26/01/2009: Reading about migration of single instance ASM to full clustered ASM/RAC. Experiments with NOLOGGING and RMAN recovery on xeno workstation (db TEST).

27/01/2009: I’ve managed to migrate to full working RAC for db3.lab1 {nodes prac1 and prac2} with ASM storage (ASM migration done using DBCA; RAC migration performed by using rconfig). Deployed GC agent on prac2.

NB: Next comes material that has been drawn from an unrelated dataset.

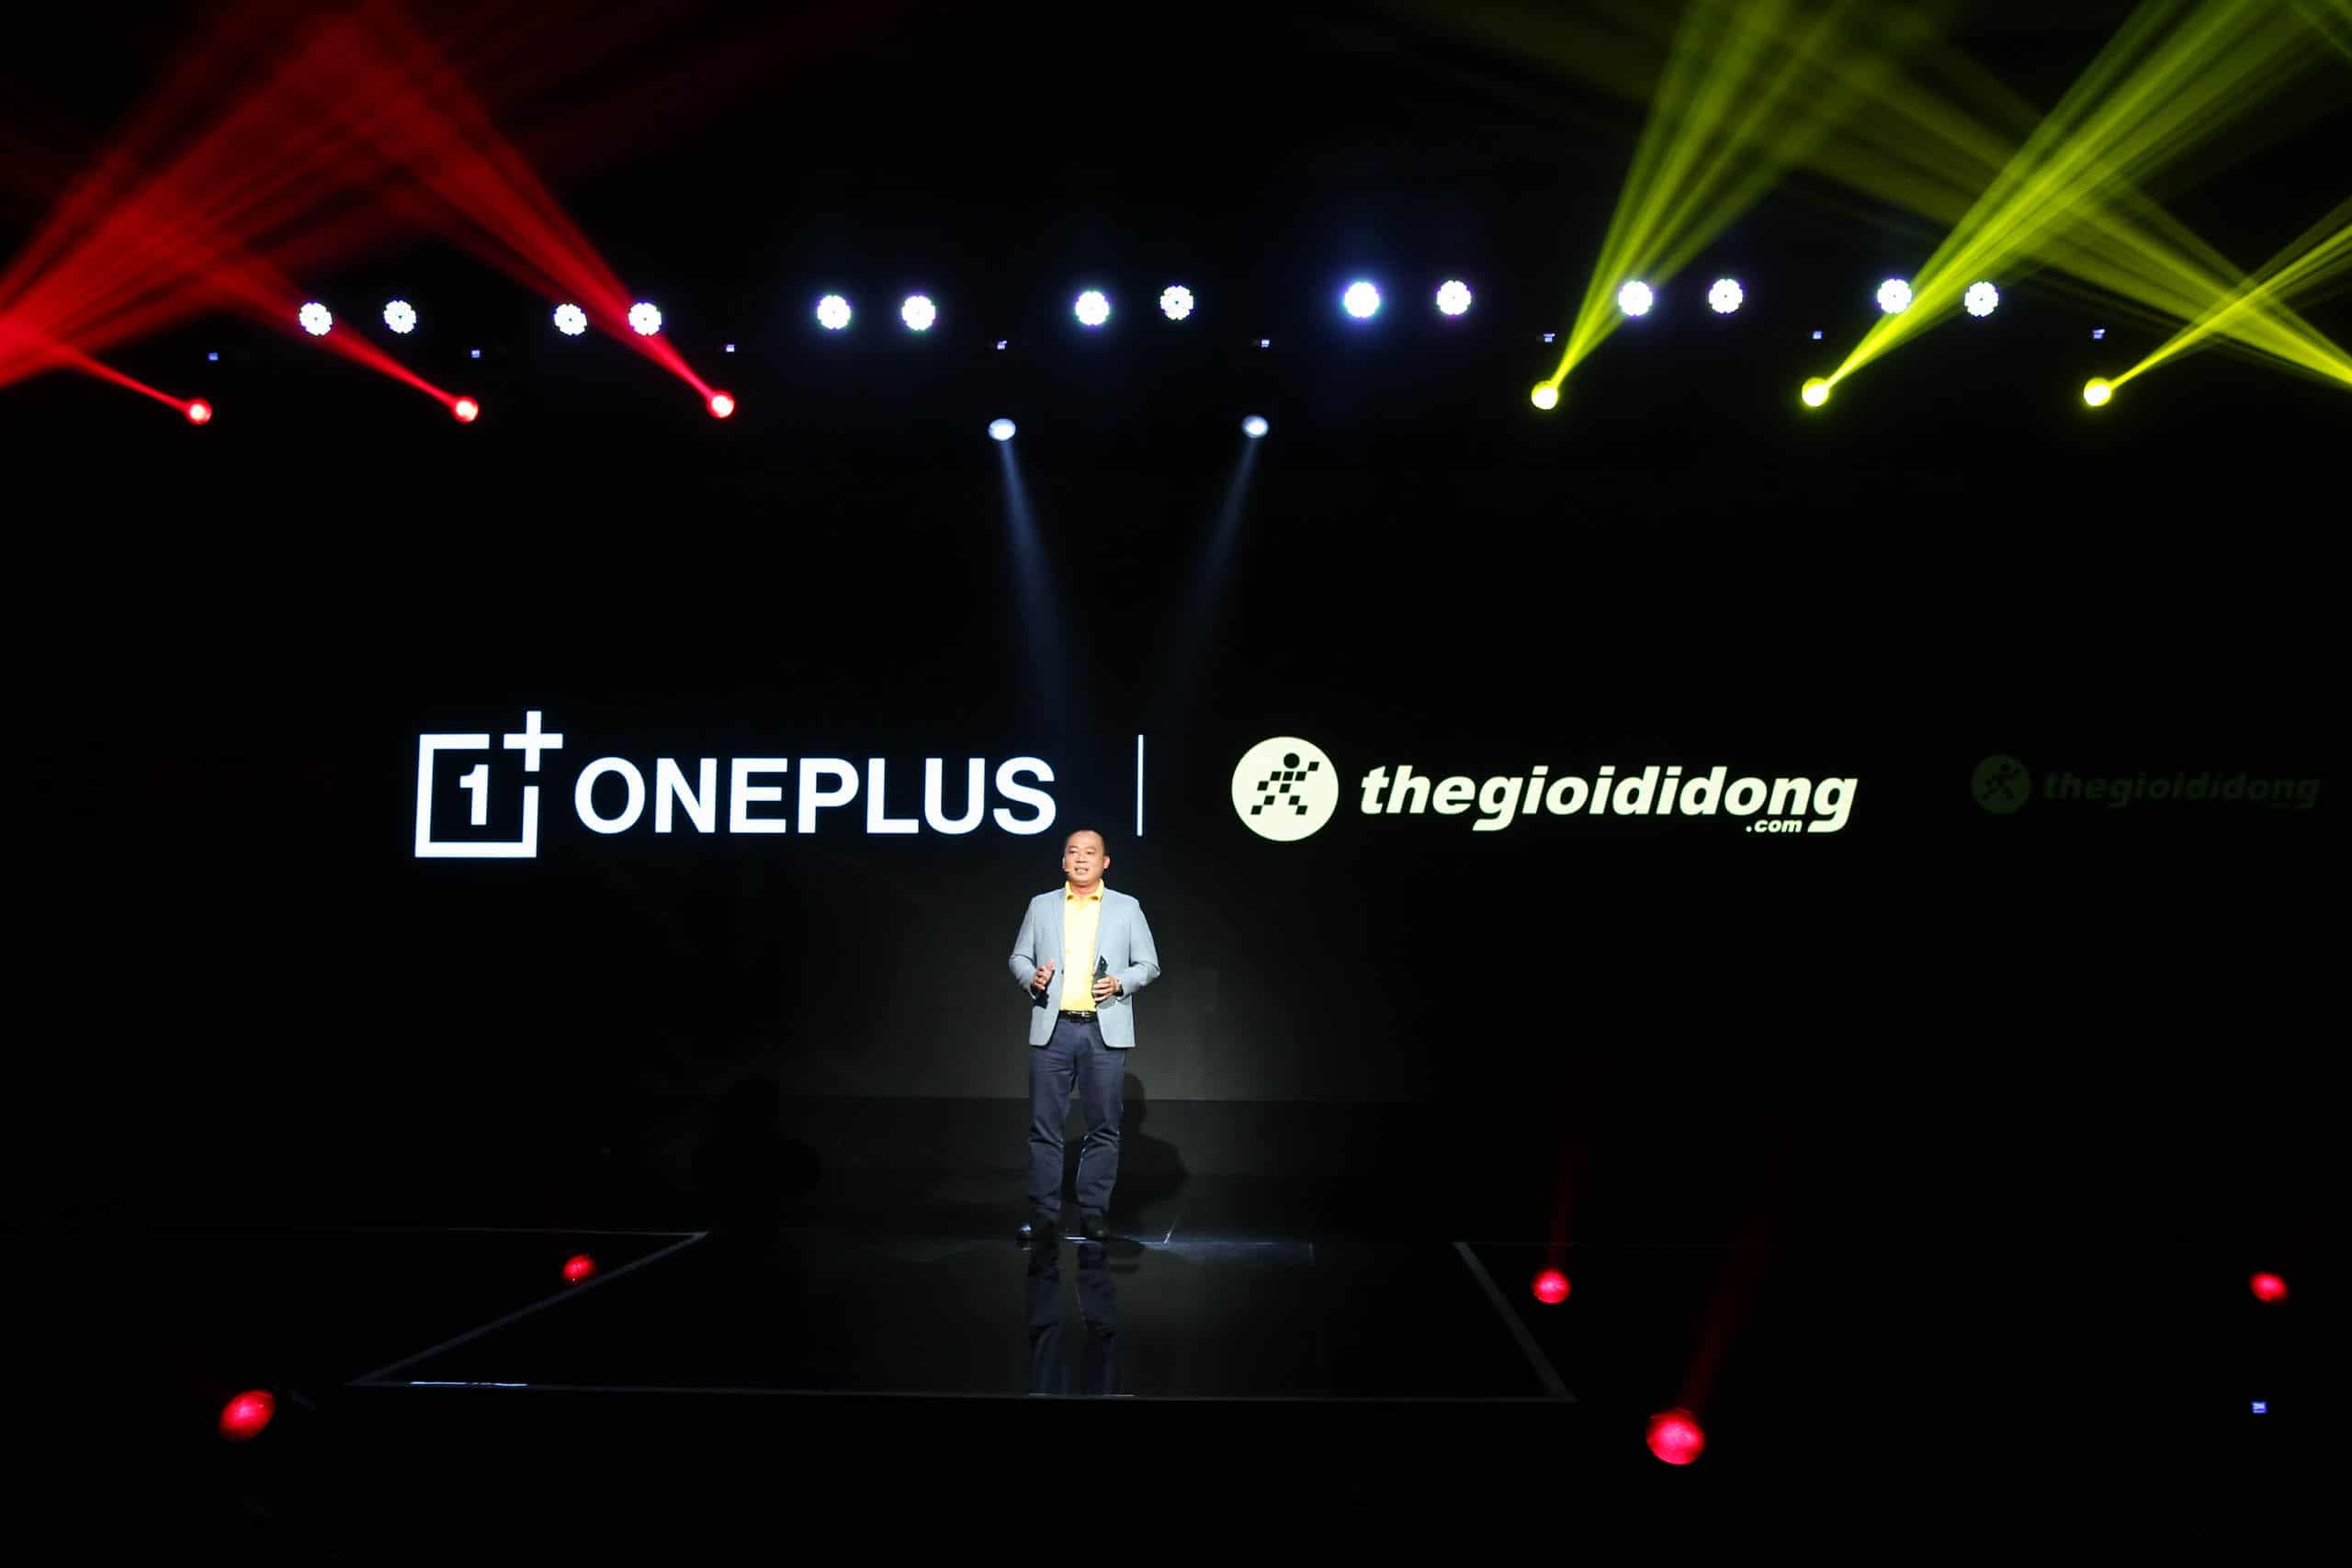 OnePlus chính thức ra mắt tại Việt Nam OnePlus 8 Pro 5G và OnePlus Nord 5G, độc quyền tại Thế Giới Di Động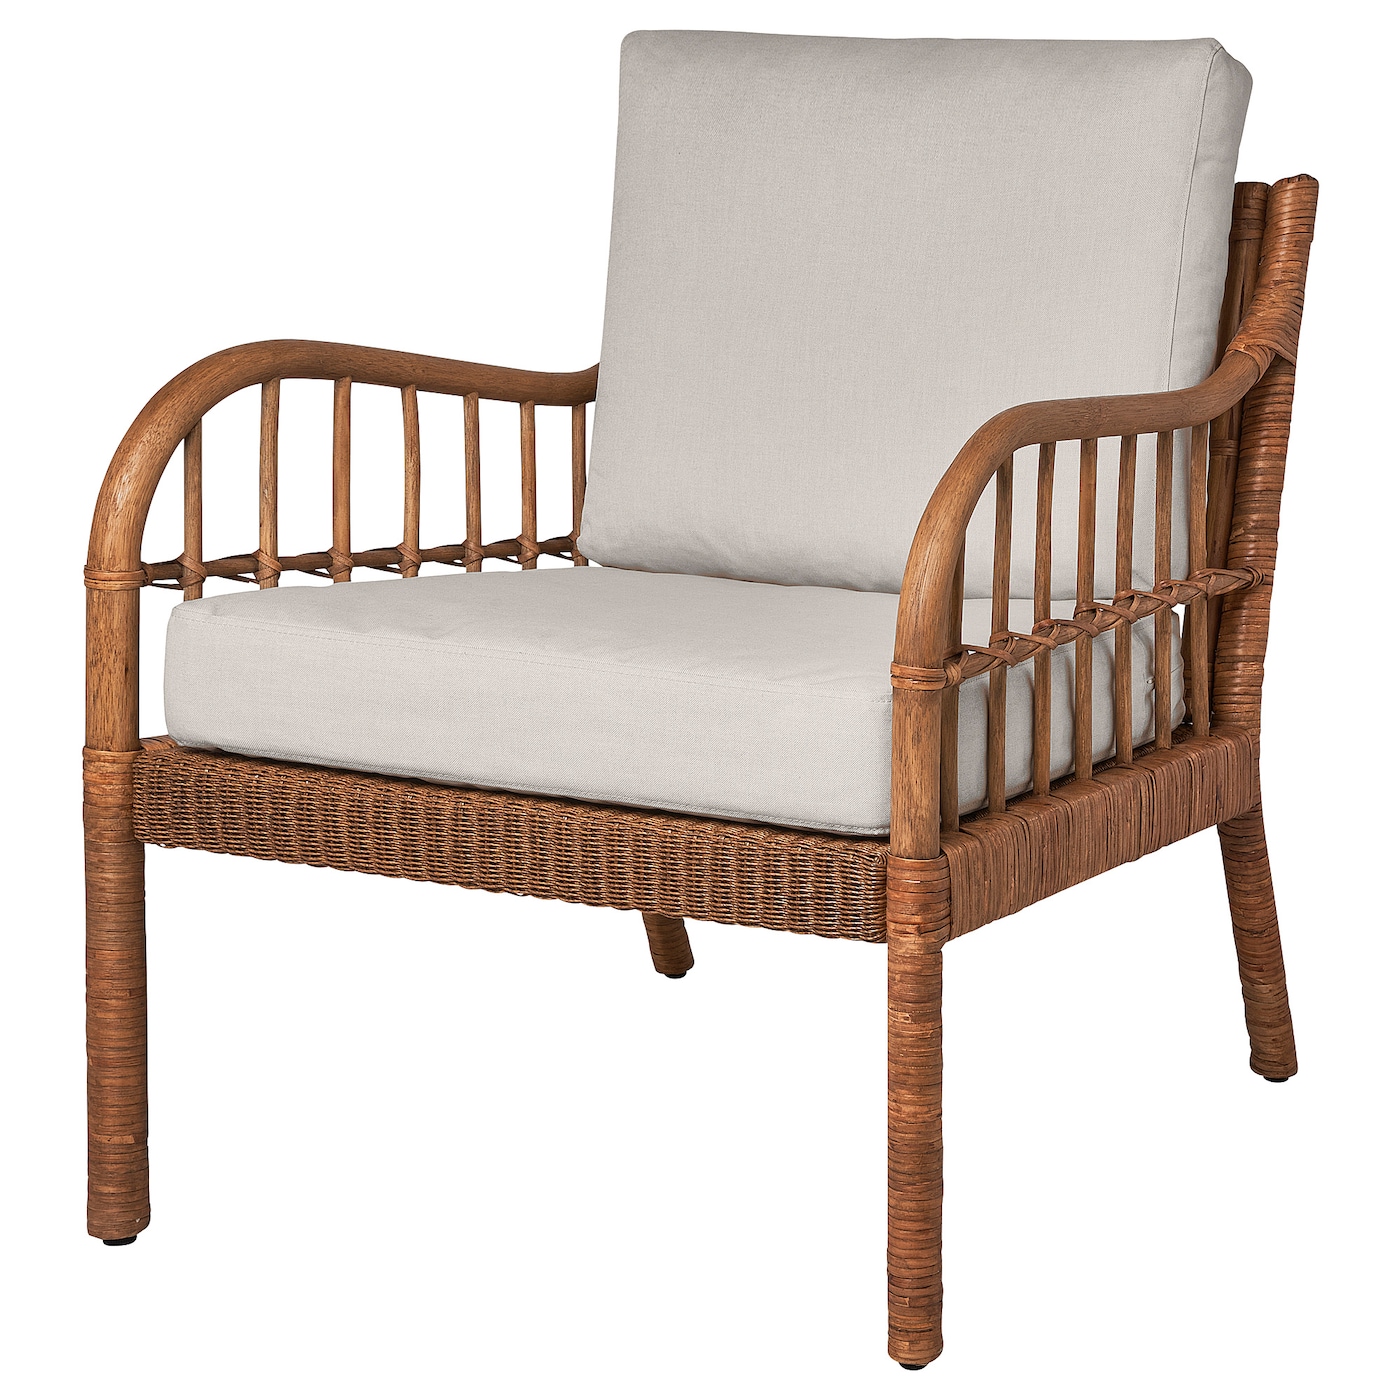 Кресло садовое - IKEA HOLMSTA, 73x57x55см, коричневый/светло-коричневый, ХОЛЬМСТА ИКЕА

29/01/2009: Experiments with DBMS_REPAIR, NOLOGGING and RMAN recovery on xeno workstation (db TEST).

Oracle Clusterware 11g addNode.sh ONS bug (with GDB fun & solution)

Monday, January 26th, 2009

Yesterday I’ve added new node for one of Clusterware installations. I’ve decided to use addNode.sh script. Unfortunatley after adding new node (prac2) to cluster, kernel reported every few seconds segmentation fault of ONS daemon. Here’s how one can use some in depth knowledge to solve such problems (OS: Oracle Enterprise Linux 5.1, Clusterware: 11.1.0.6, platform: x86_64).

Some messages after Clusterware shutdown — most important are first two lines here.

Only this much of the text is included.